The best way to tame a bird is to "force yourself" on him. In other words, you need to actively tame him in training sessions. I tamed many wild birds for people back in the days of importation, and still there are occasional birds that people bring to me because they not tame. In some cases, I can have the bird stepping up on command and sitting nicely on my hand without biting after the first session. In the case of a totally wild bird, it may take the owner up to a week to accomplish the task, with guidance.

Generally speaking, what follows if the technique I use for most birds. Sometimes, because birds are different from one another, common sense will dictate an adjustment or variation to this approach. This certainly isn't the only method of taming a bird, just the one that works well for me:

1. First, you'll need to get the bird's wings clipped and have his beak and nails trimmed. If he can fly away from you, he'll be in control of the situation, and taming will be next to impossible. Having his beak trimmed will help lessen the severity of injury in case you're bitten. Also, this trimming takes some of the cockiness out of the bird's attitude, and makes him more docile.

2. Next, decide on a place where you'll work with him. You should never try to work with a bird in, or on, or even within sight of his cage. That is his territory and he'll feel dominant there, and he'll resist your efforts tenfold. If he can see his cage, he'll only think about is getting back to it. The bathroom is the best training room for most people: it's small, there aren't any places where a bird can get stuck behind something (as it could in your kitchen behind the fridge or stove), and there aren't any sharp edges in a bathroom for the bird to bang against if it tries to jump away from you. Alternately, you might choose a small, fairly empty bedroom.

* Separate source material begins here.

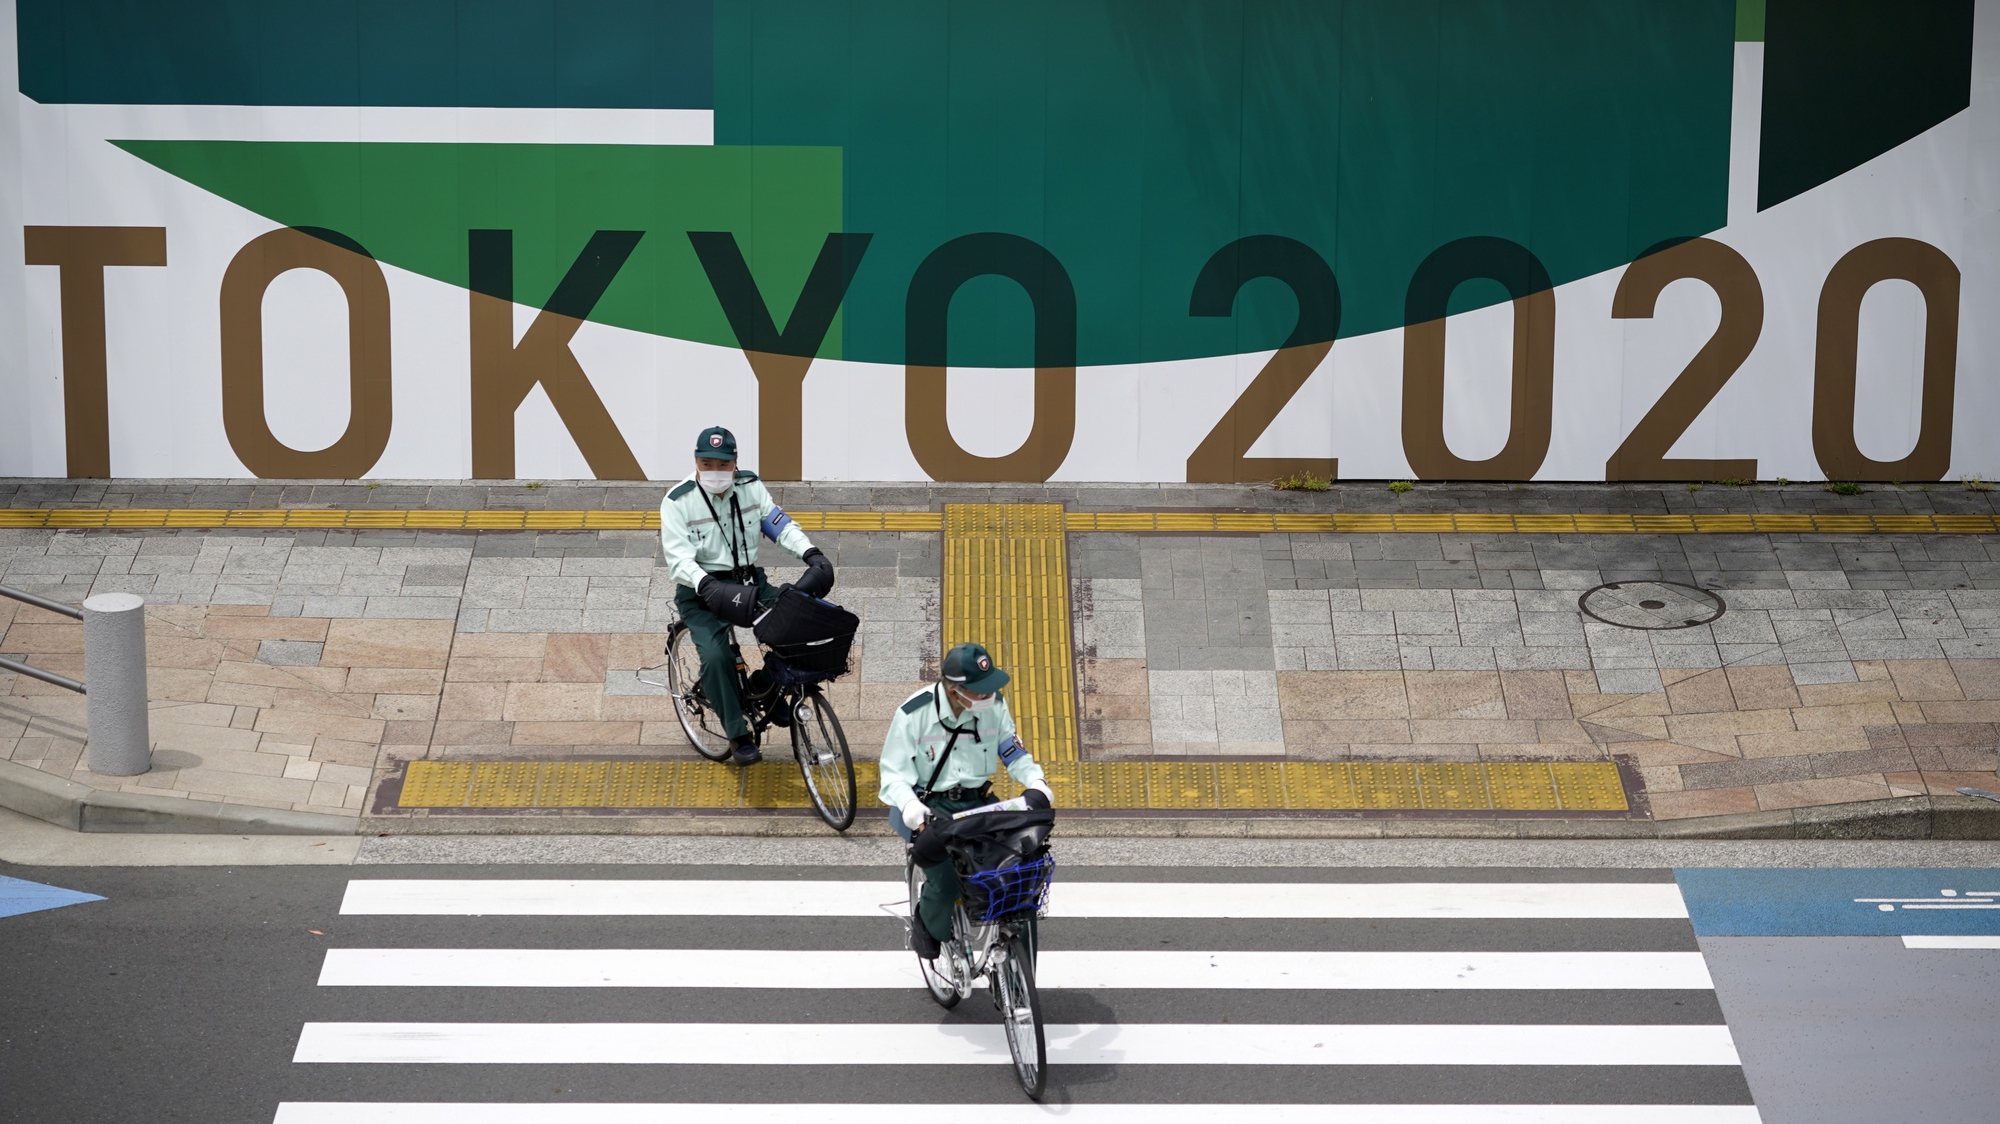 epa09196428 Traffic wardens cycle past a Tokyo Olympics advertising board in Tokyo, Japan, 12 May 2021 (issued 13 May 2021). On 13 May 2021, the National Doctors Union requested the government to cancel the Tokyo Olympics, saying that the response to the coronavirus pandemic should be prioritized.  EPA/FRANCK ROBICHON

3. How do you get the bird from its cage to the training room? One method is to capture the bird in a towel, being careful to avoid letting him get his beak around your fingers, and carry him to the room swaddled in the towel. But I prefer to take his food and water bowls out of the cage, unclip the top wire part from the bottom, and carry the top, with the bird in it, to the training room. Once there, you can slowly turn the cage upside down and when the bird climbs up (to get away from you) he will come out of the open end of the cage, and then probably fly down onto the floor. Then you can take the cage top, turn it right-side up, set it just outside the room and close the door.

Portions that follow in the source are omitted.